On CPU builds, auto routes Ridge rows with p > n_train through the exact
materialized dual-Ridge scorer because that is cheaper than feature-space
moment Ridge in this geometry. CPU auto also routes compatible PLS1 rows
through the exact materialized prefix scorer when min_train < 4p. CUDA builds
keep the operator-moment route in those cells.

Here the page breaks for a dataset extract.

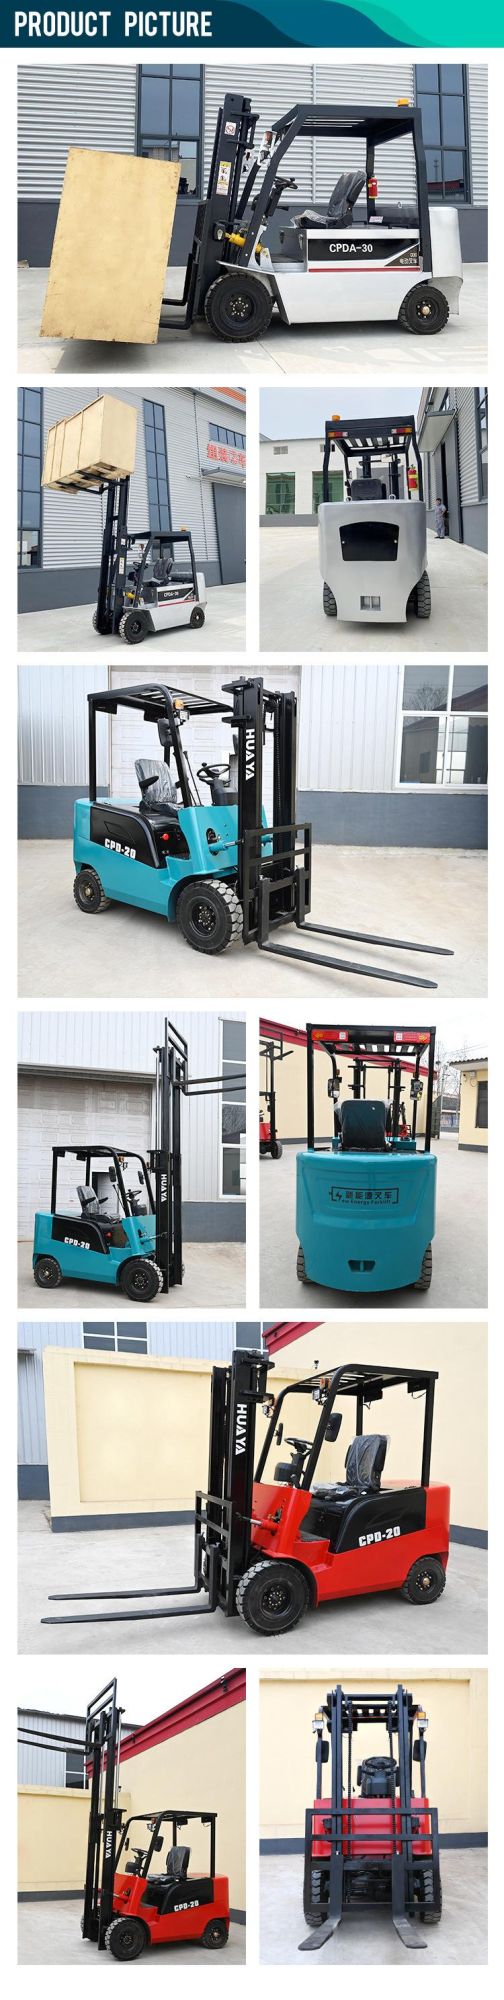 New China 2022 Huaya with Attachment Prices Battery Truck Electric Forklift Fb20

Unsupported moment routes fall back per chain/head to the materialized native
sweep in auto, or return UNSUPPORTED in force_moments. Selected chains
are always materialized once to populate public OOF/final predictions. Batched
IKPLS, fully fused operator-moment updates for all regimes and custom CUDA
kernels are future acceleration layers.